Figure 1: A flock of birds forming a beautiful pattern in the sky

What is topology?

Very simplistically, topology is the study of shape of objects subject to smooth operations such as stretching and twisting. However, topology is not concerned with the exact geometric description of an object: it does not bother itself with how many edges an object has, or whether an object is round or oval in shape. Topology tries to describe an object in more general terms — how many distinct components does an object have, how many holes on its surface, or how many cavities. As an example, look at the two familiar objects below — a doughnut and a coffee cup. Very different in terms of the exact geometrical shape, but perform a few transformations on their mouldable clay models — and your doughnut becomes a coffee cup. Both of them are equivalent in a sense. They have a single visible cavity and are one complete connected object. They are the same object topologically.

Figure 2: A Coffee Cup has the same topology as a …
… a doughnut

At the cost of being more formal, topology of an object is described by a set of numbers called as the Betti numbers, each number β(k) describing the number of holes an object contains in k-dimensions; β(0) is then the number of connected components of your object, β(1) is the number of 1-dimensional holes, β(2) is the number of 2-dimensional holes, and so on.

“Mathematically, the Betti numbers of the above donut/coffee mug/torus are: β(0) = 1, β(1) = 2, β(2) = 1.”

For now, we don’t need to get into the mess of these Betti numbers. Just let it sink in that β(0) is the contiguous components in the object, β(1) is the flat total gaps in the 2D plane area of the object, and β(2) is the total 3D gaps in the object. We will discuss this in details over the course of these articles.

But then what is the topology of a real world data?

It is easy to define a topology on a well-defined surface. But what do you do with discrete data-points observed from a real-world complex system? How do you define a topology for a flock of birds or a digital image? The solution is Topological Data Analysis — using a tool called as Persistent Homology. Persistent Homology builds relationships between data-points by connecting them together through some well-defined rules. We’ll see what those rules are soon, but for now assume that we have defined connections between data in a particular fashion. What are these connections? Are they simple line segments (1-dimensional objects) between points so that we have generated a complex network from our 2-dimensional data? But then, one would argue — why stop at 0 and 1-dimensional connections? Why not define triangles, tetrahedrons and higher-dimensional connections?

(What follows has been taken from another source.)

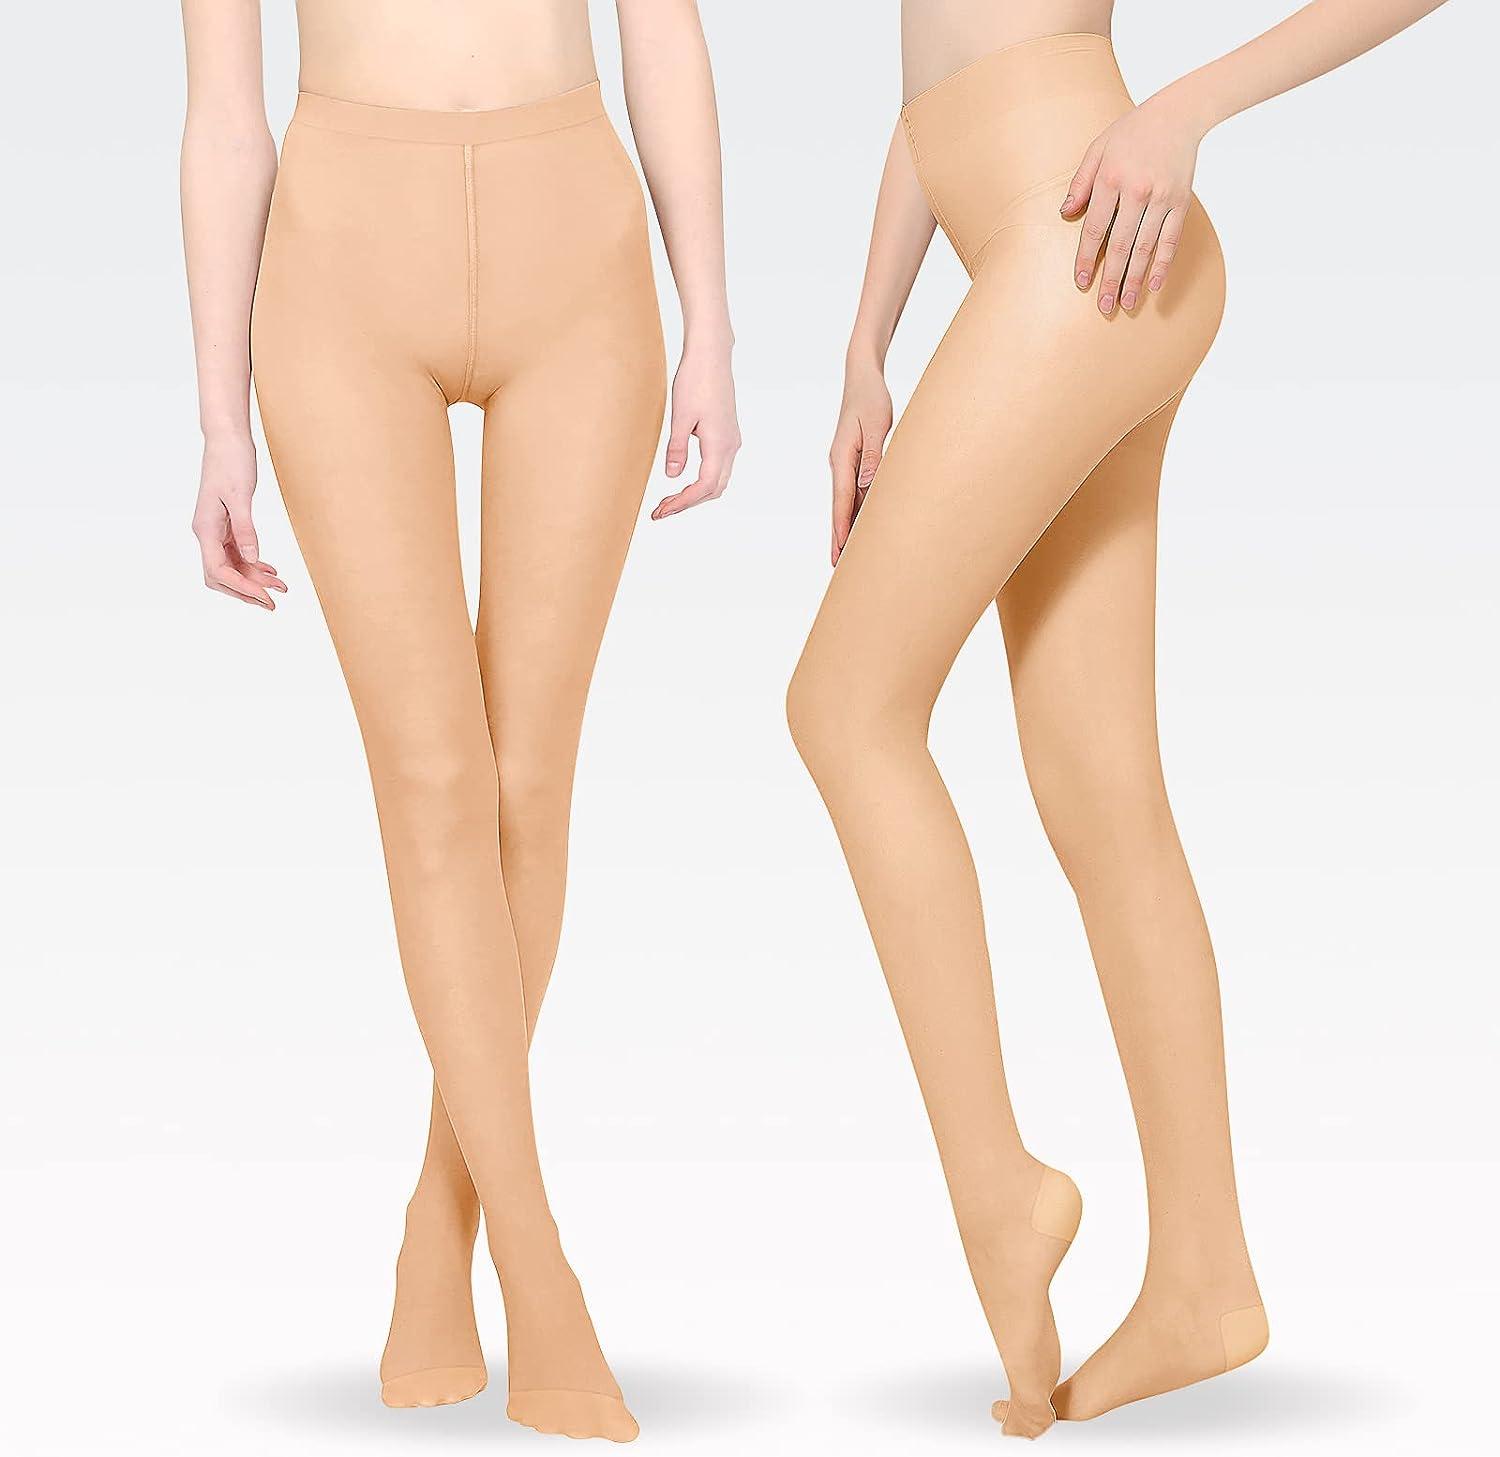 Medical Compression stockings and tights for varicose veins and

Figure 3: Connections (called simplices) in various dimensions (Source: Harold Serrano)

A simplicial complex is a structure generated from such generalized connections between data-points. Figure 4 below shows a 2D projection of Lorenz attractor in its full majesty, its discrete point-data, and a simplicial complex generated from it respectively. The simplicial complex in the figure is generated from triangles, lines and points.

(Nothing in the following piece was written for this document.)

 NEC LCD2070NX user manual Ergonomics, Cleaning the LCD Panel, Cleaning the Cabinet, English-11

Figure 4: A 2D projection of the Lorenz system trajectory on the left and its point cloud data on the right
Figure 5: A simplicial complex generated from the point cloud data of Lorenz.

We can easily spot the commonality between the full dynamics in Figure 4 and the simplicial complex in Figure 5 — the presence of the two dominant holes. So what does this mean for us? Essentially a simplicial complex is able to reconstruct the topological structure of an object from discrete data. And so, generally speaking,

“Determining a simplicial complex from a point cloud data, if done right, can extract the exact number of holes (in different dimensions), as the original object”

Or equivalently,

“A simplicial complex of a discrete point cloud data can reconstruct the topology of the underlying object”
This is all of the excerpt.